▶ Stored data:
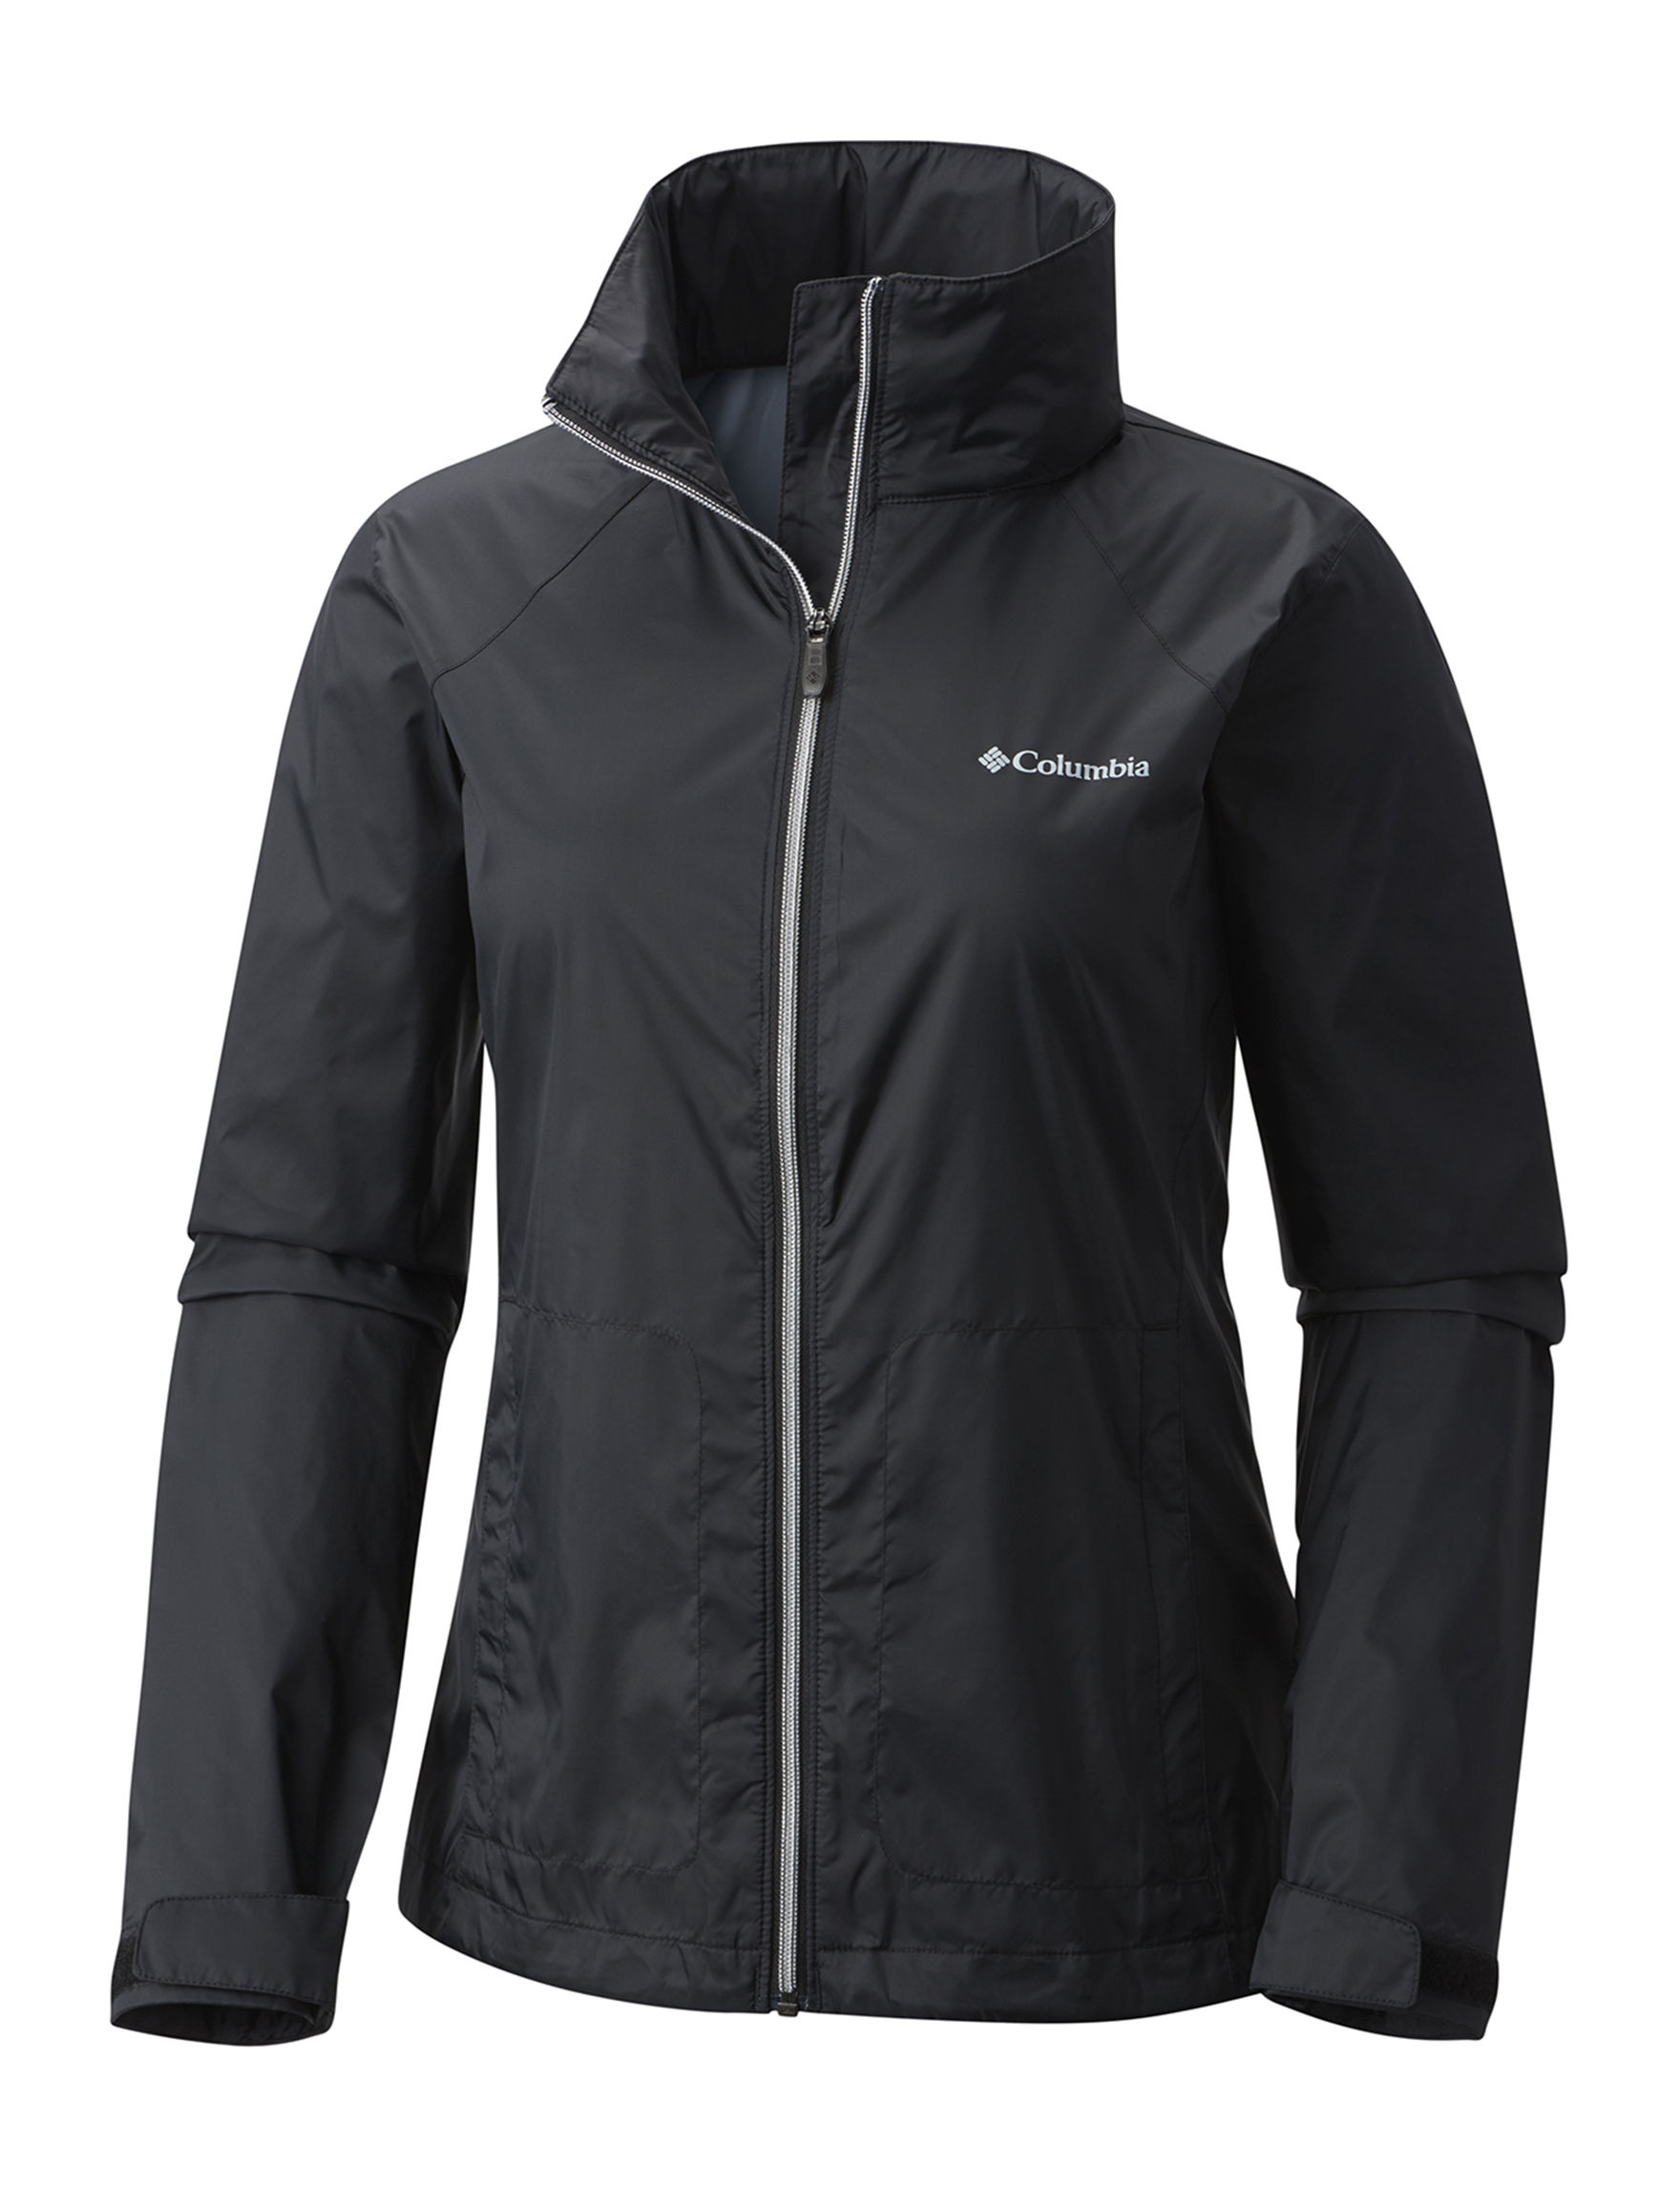 Columbia Black Rain & Snow Jackets
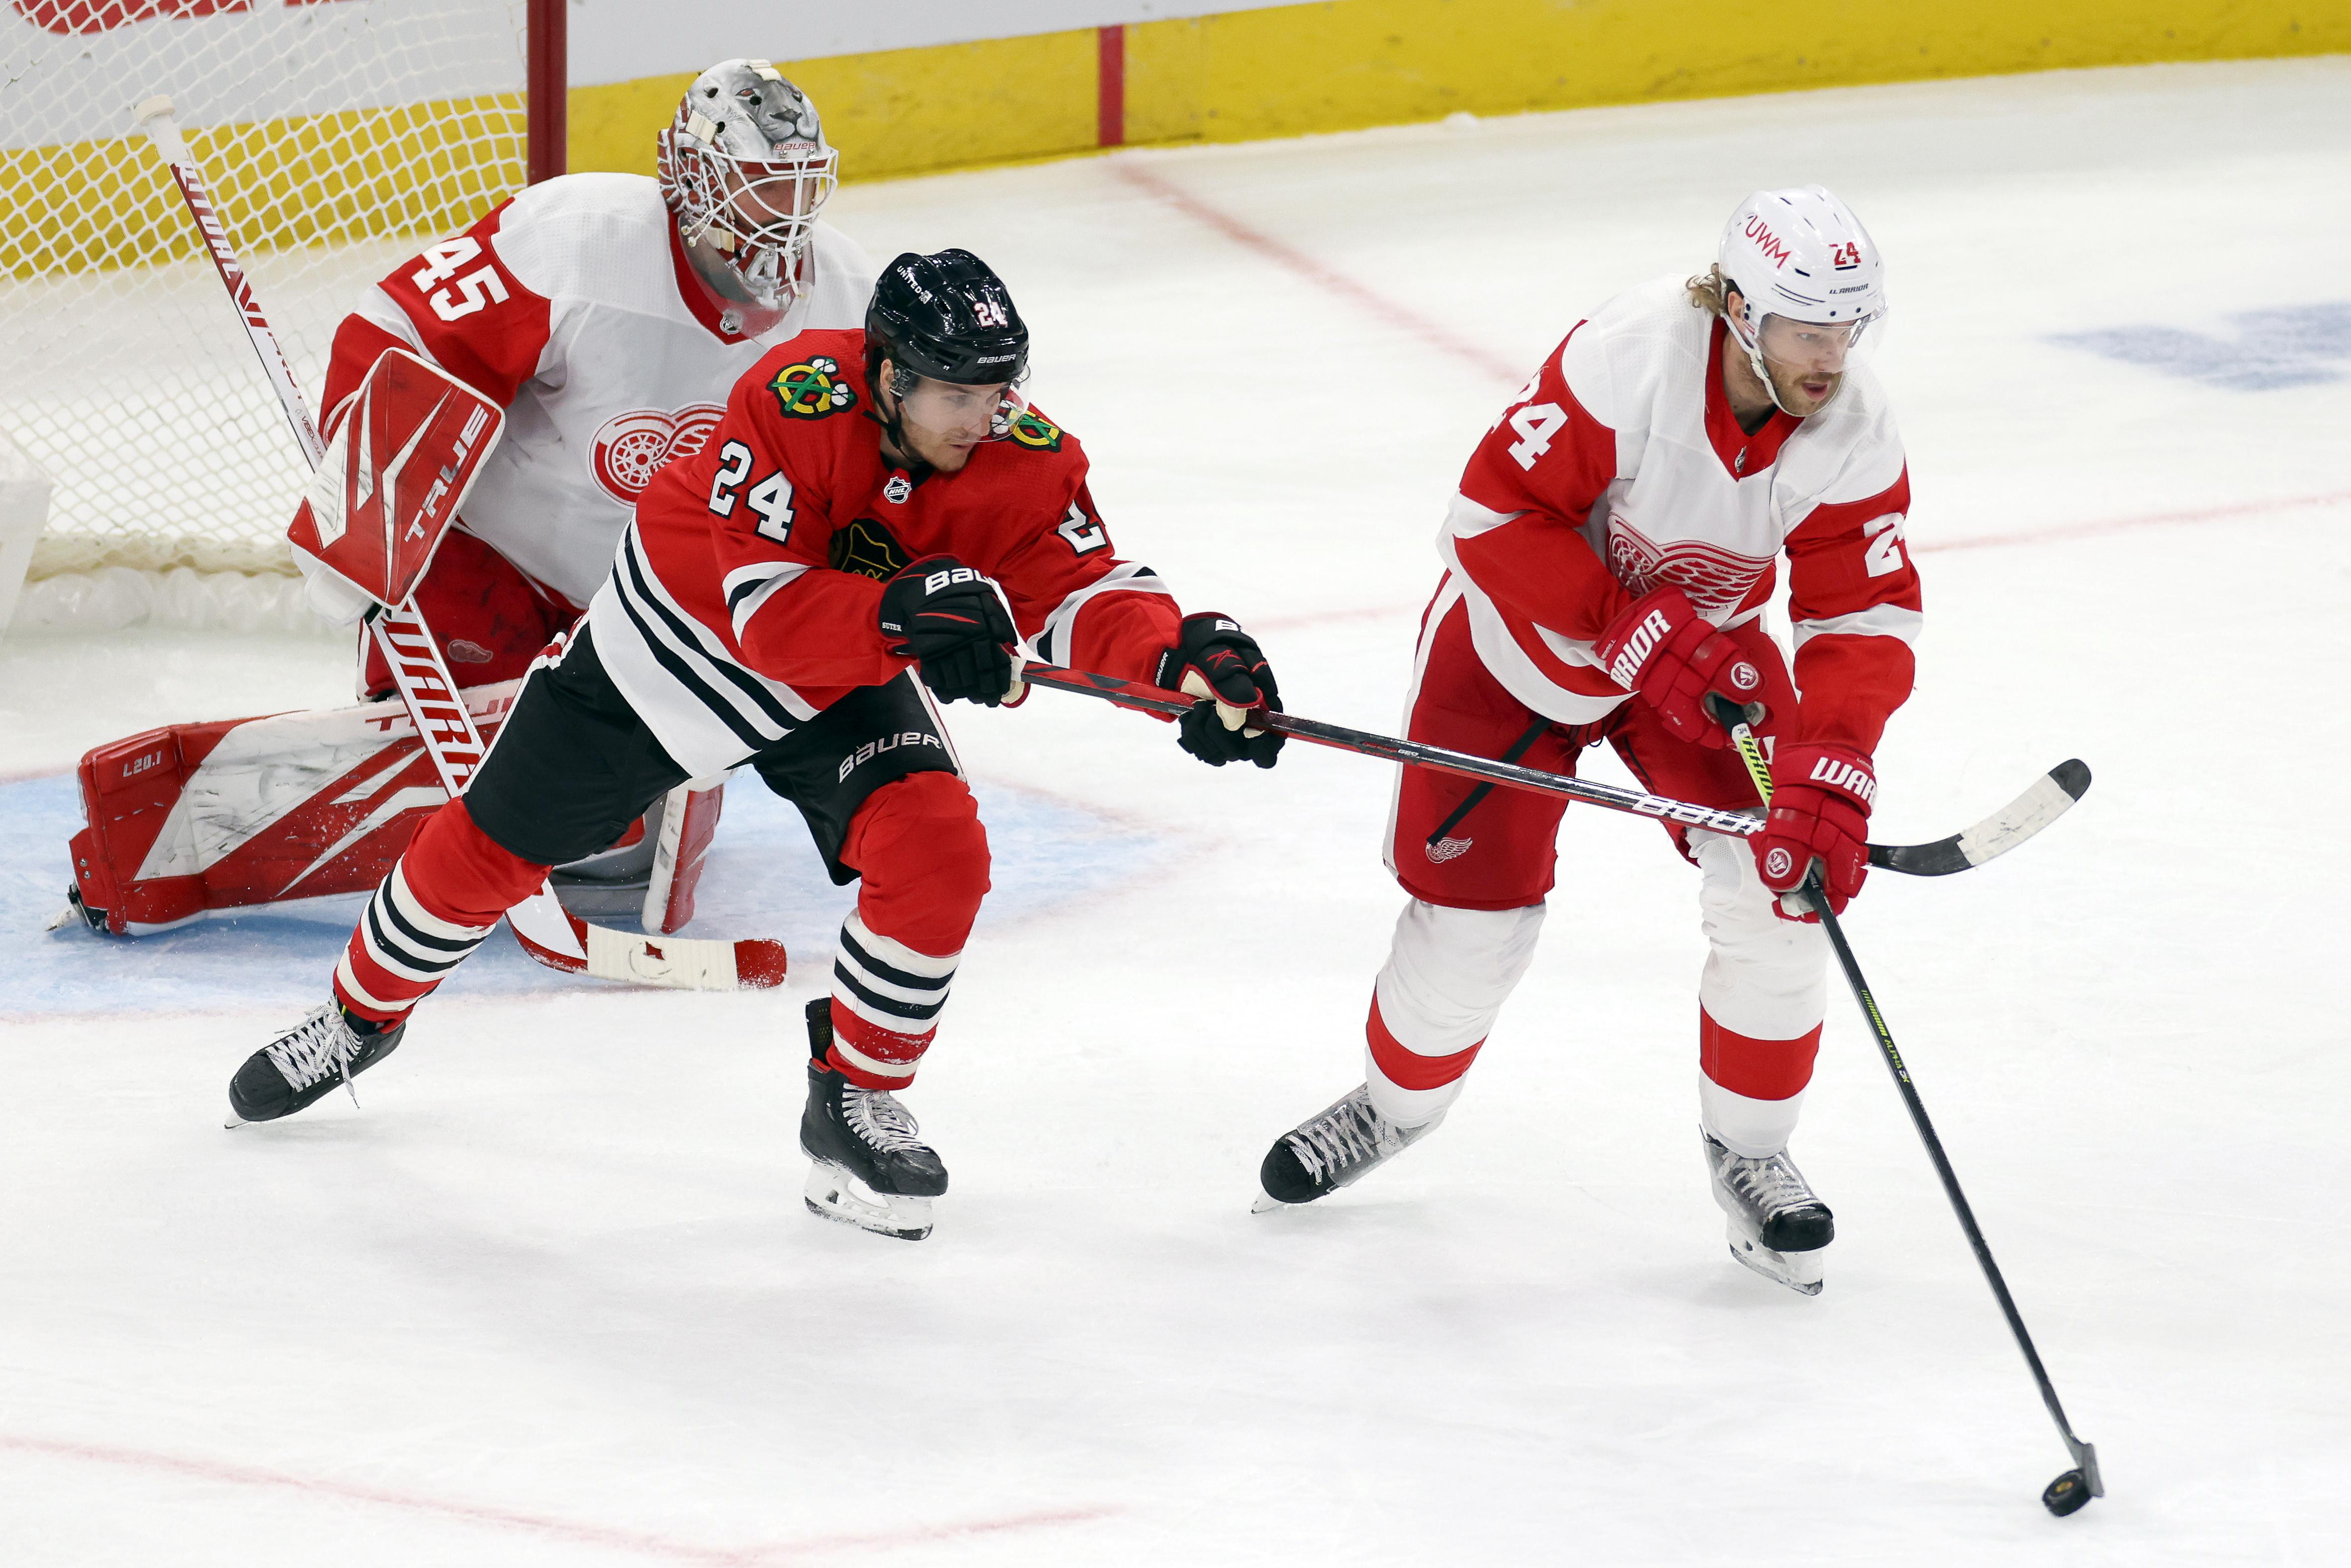 NHL: FEB 27 Red Wings at Blackhawks
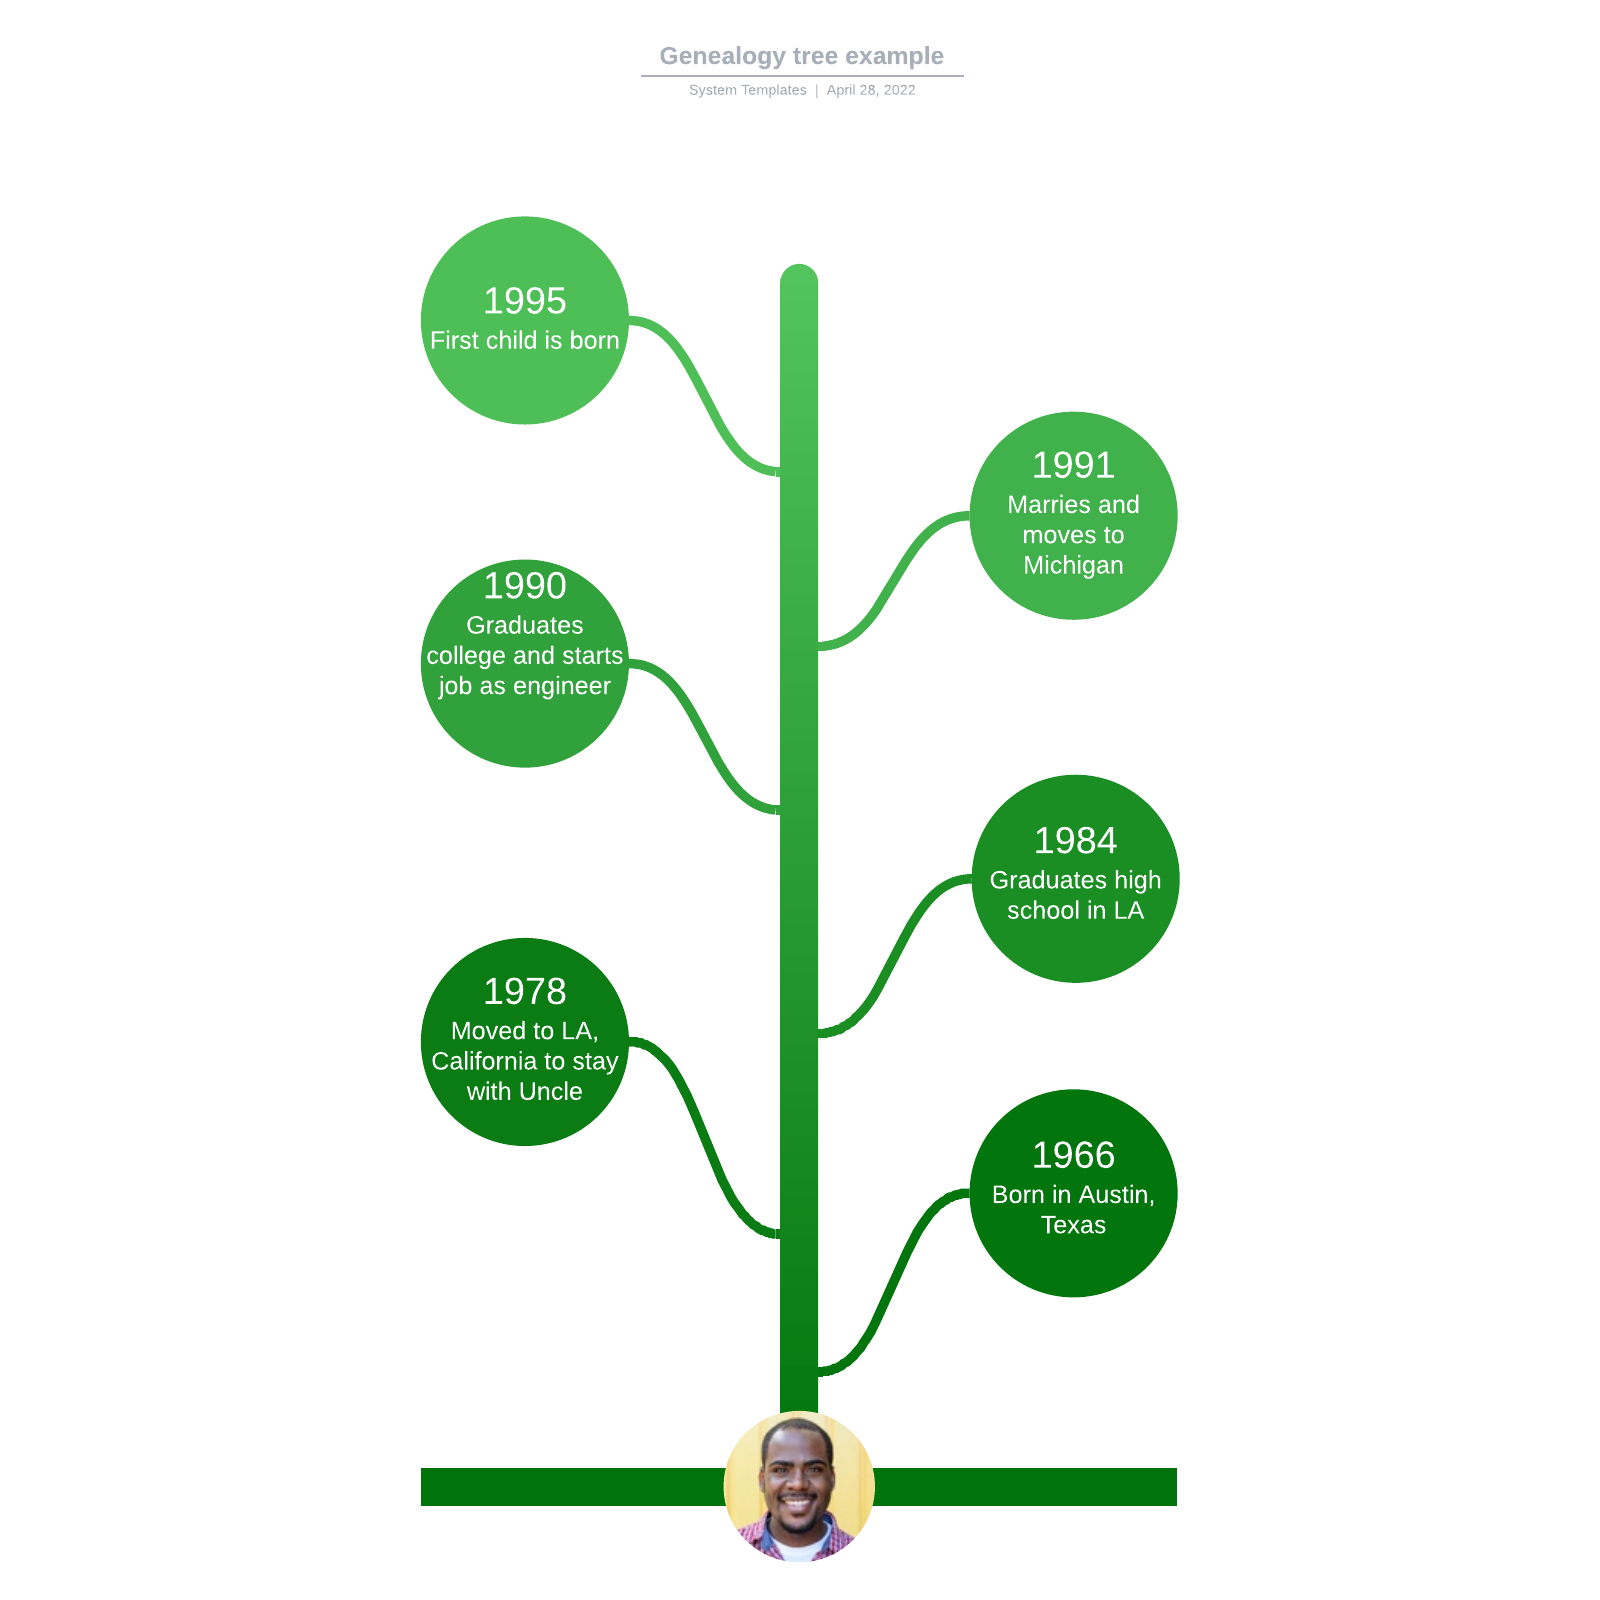 Genealogy tree example

▶ Task requirements: Could you retype exactly, and only, the lines running from the one with "NHL: FEB 27 Red Wings at Blackhawks" to the last line of the listing, while leaving any pictures out?

▶ Output:
 NHL: FEB 27 Red Wings at Blackhawks
 Genealogy tree example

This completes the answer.